**Exercise directions**:
Each record that follows should be repeated exactly, with no pictures carried over.

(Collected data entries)
━━━━━━━━━━━━━━━━

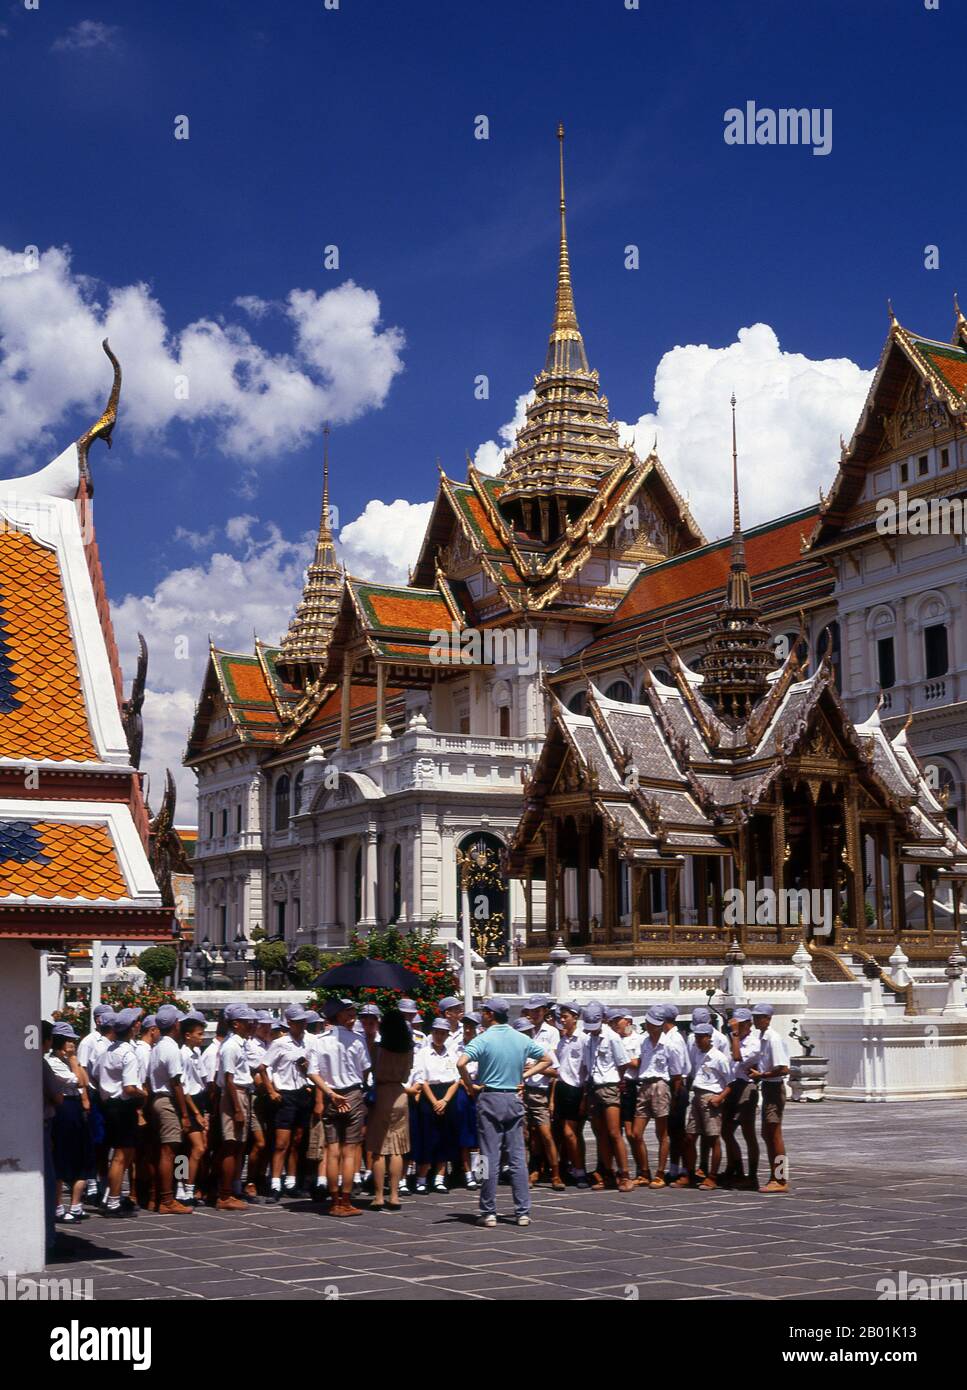 Thailand: Schüler bewundern den Phra Phinang Chakri Maha Prasat, den Großen Palast, Bangkok. Der große Palast diente ab dem 18. Jahrhundert als offizielle Residenz der Könige von Thailand. Der Bau des Palastes begann 1782 während der Regierungszeit von König Rama I., als er die Hauptstadt über den Fluss von Thonburi nach Bangkok verlegte. Stockfoto
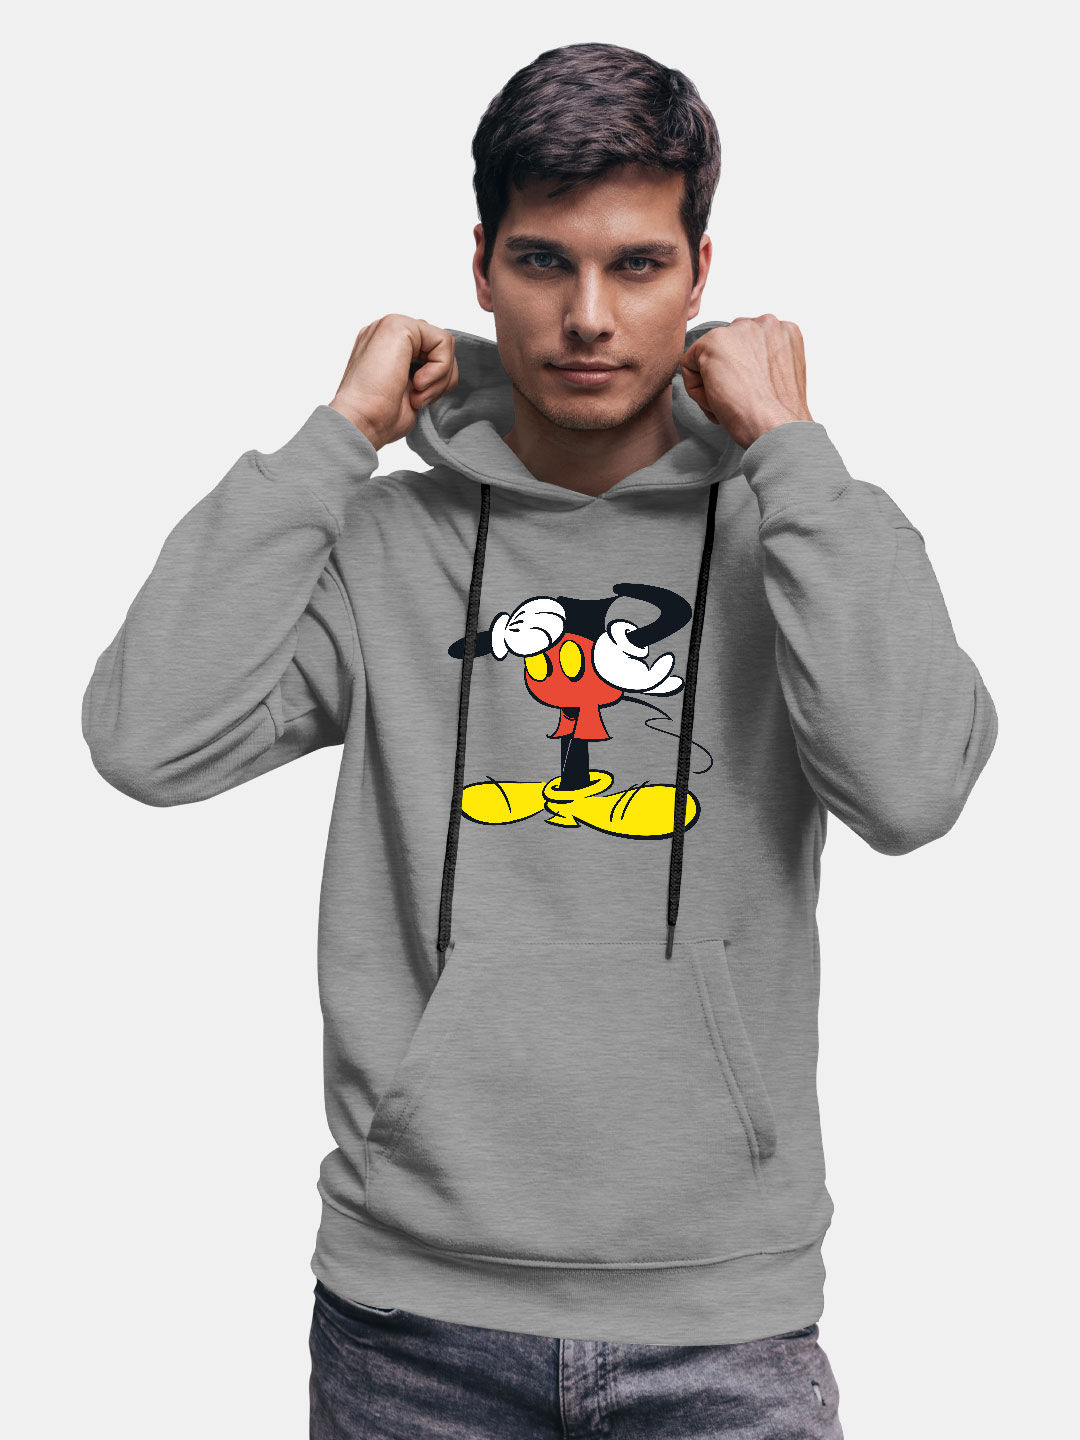 Buy Mickey Body - Male Hoodie Grey Hoodies Online
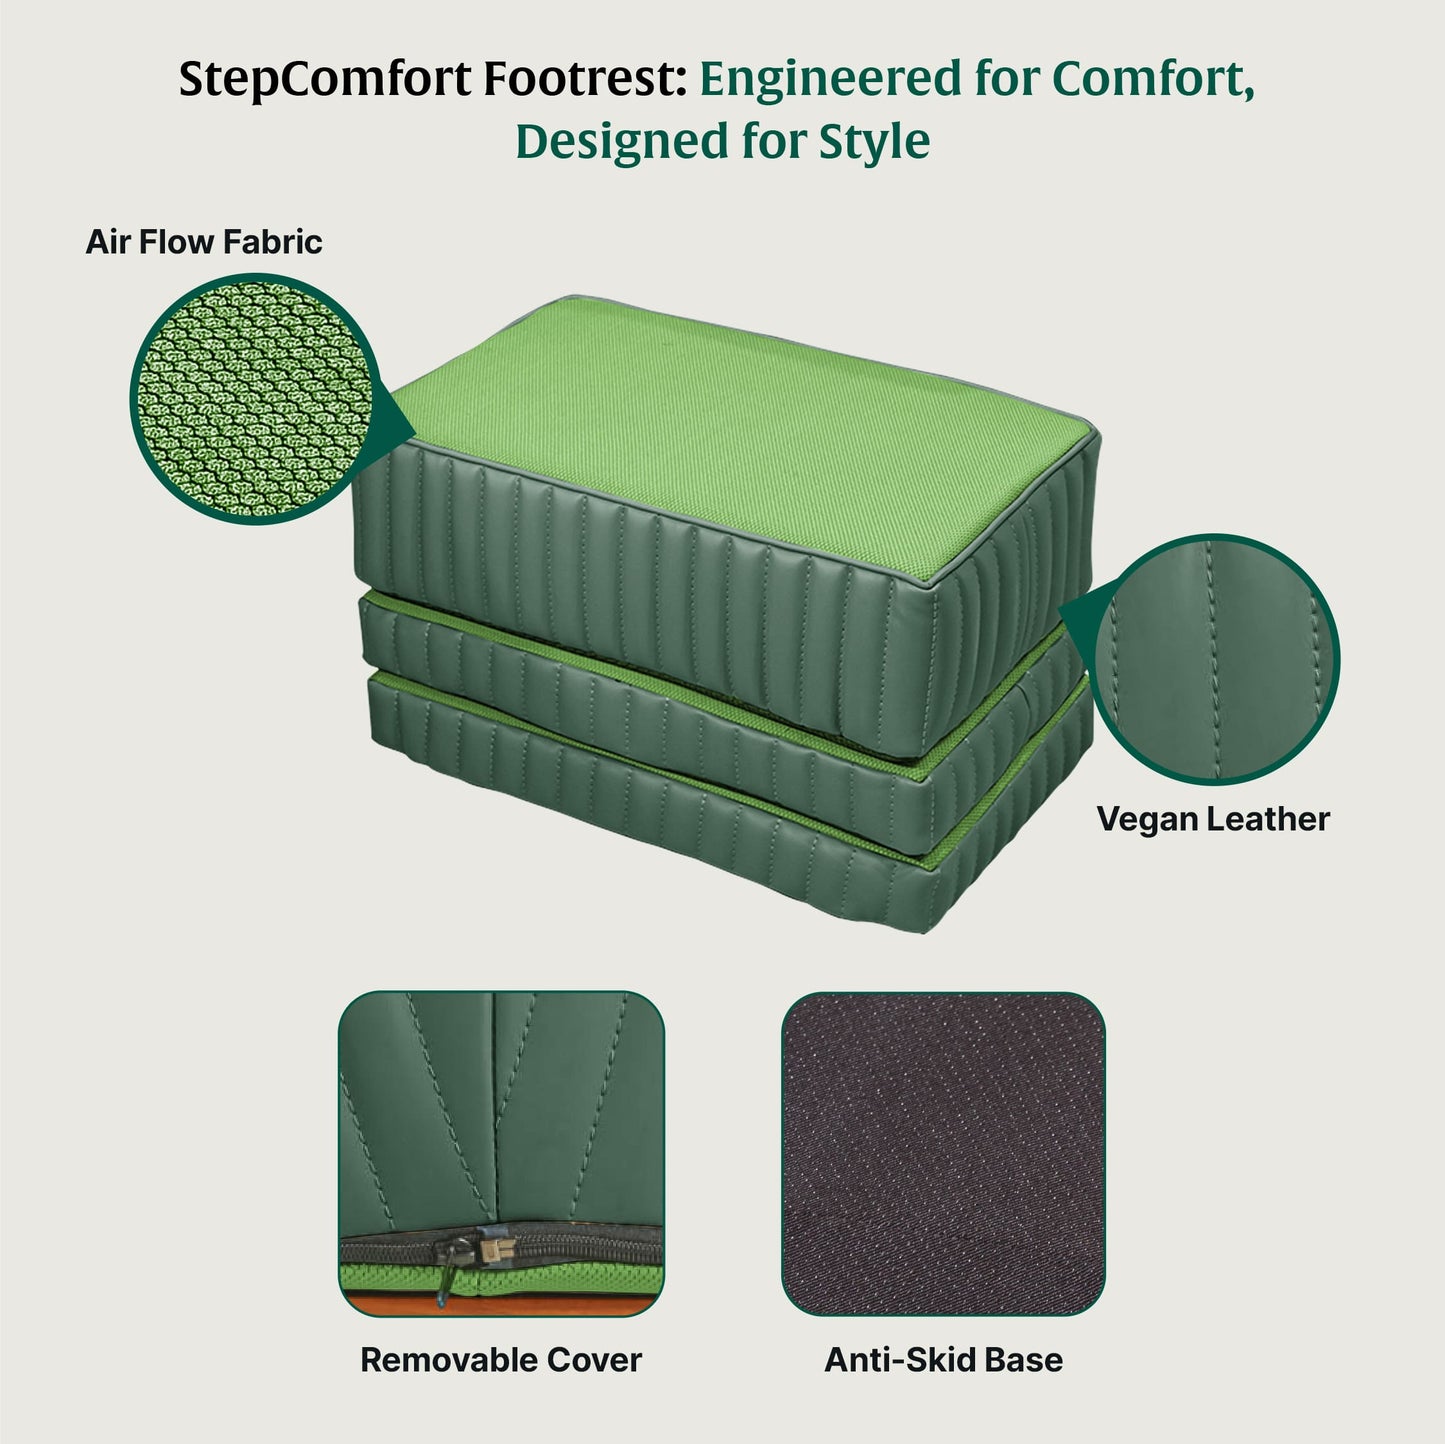 StepComfort Platform Footrest
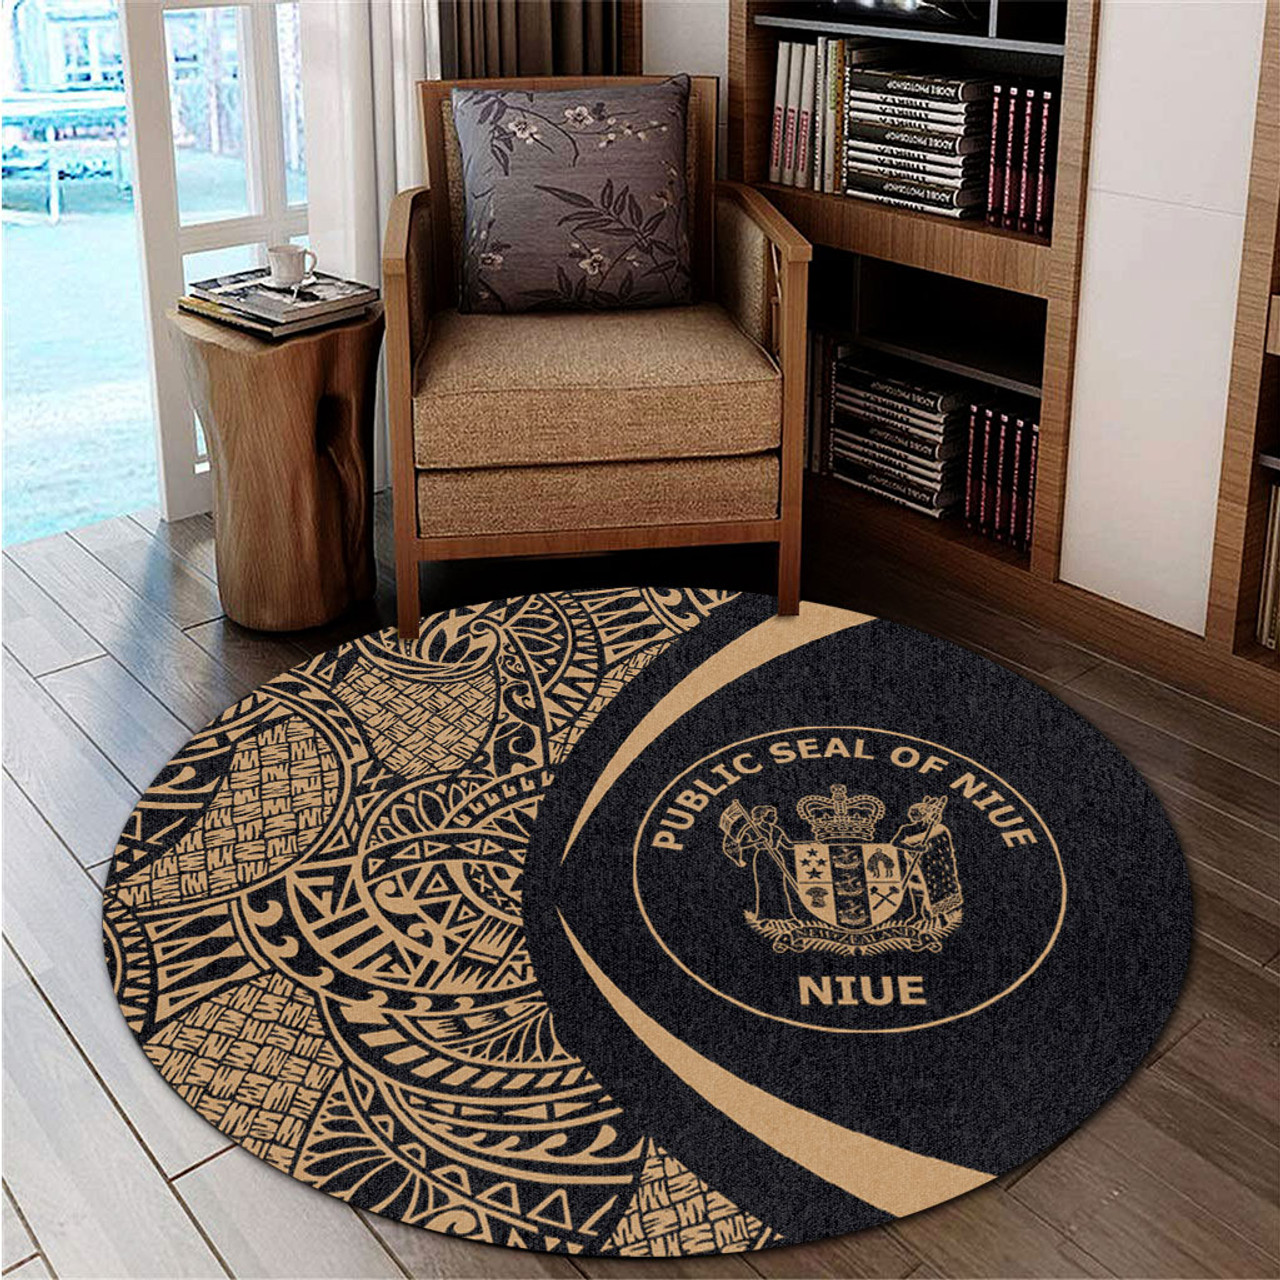 Niue Round Rug Lauhala Gold Circle Style
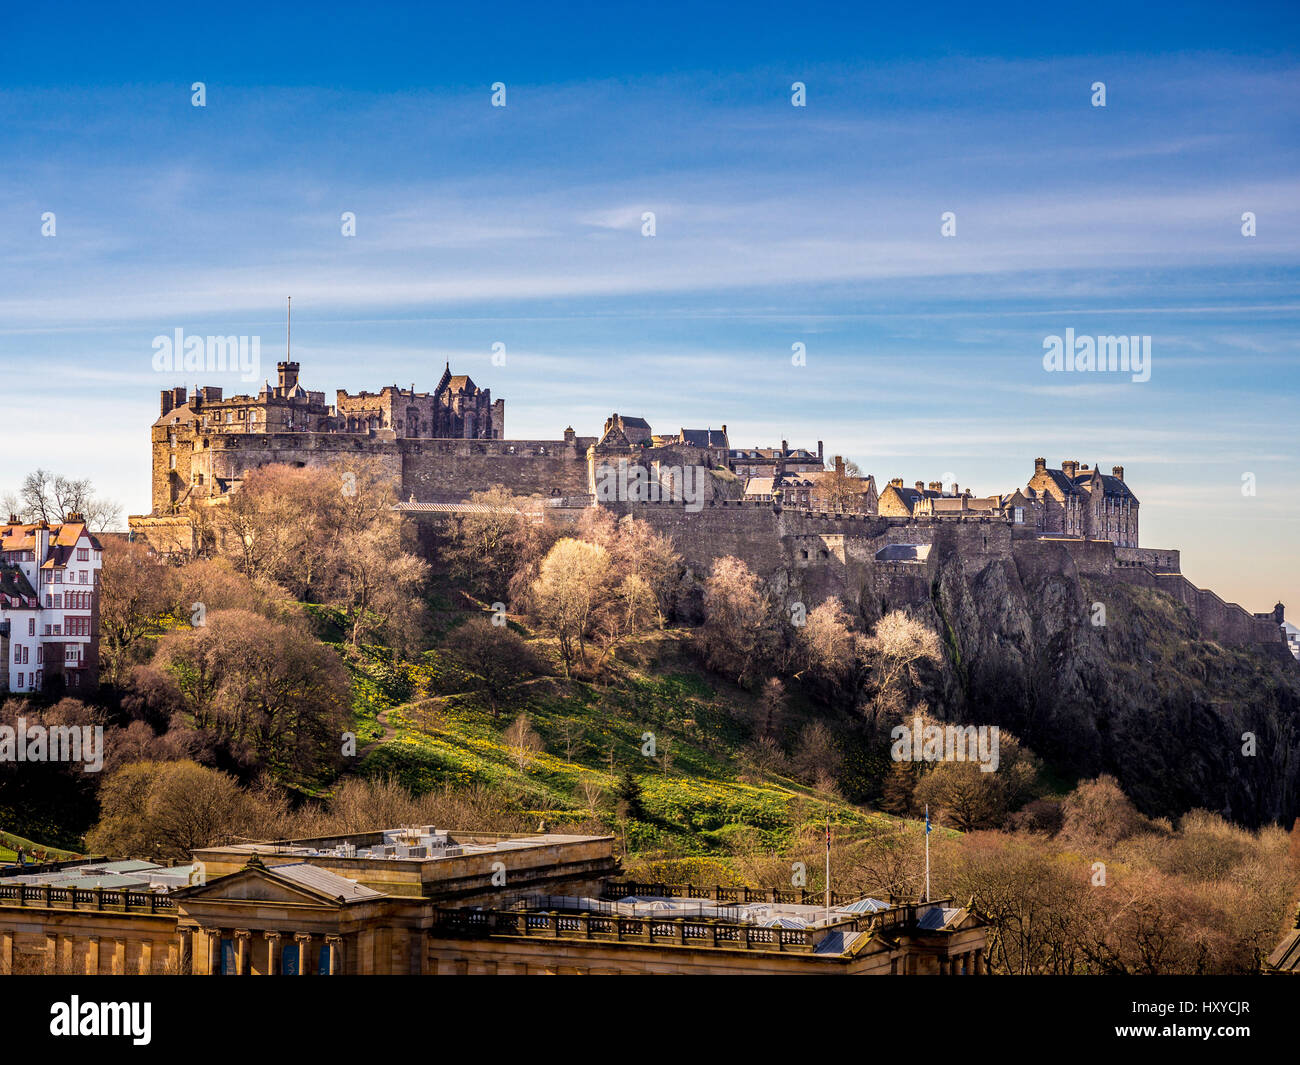 Castillo de Edimburgo con Princes Street Gardens y la Galería Nacional Escocesa en primer plano. Edimburgo, Escocia, Reino Unido. Foto de stock

━━━━━━━━━━━━━━━━

**Solution for this exercise**:
 Thailand: Schüler bewundern den Phra Phinang Chakri Maha Prasat, den Großen Palast, Bangkok. Der große Palast diente ab dem 18. Jahrhundert als offizielle Residenz der Könige von Thailand. Der Bau des Palastes begann 1782 während der Regierungszeit von König Rama I., als er die Hauptstadt über den Fluss von Thonburi nach Bangkok verlegte. Stockfoto
 Buy Mickey Body - Male Hoodie Grey Hoodies Online
 StepComfort Platform Footrest
 Niue Round Rug Lauhala Gold Circle Style
 Castillo de Edimburgo con Princes Street Gardens y la Galería Nacional Escocesa en primer plano. Edimburgo, Escocia, Reino Unido. Foto de stock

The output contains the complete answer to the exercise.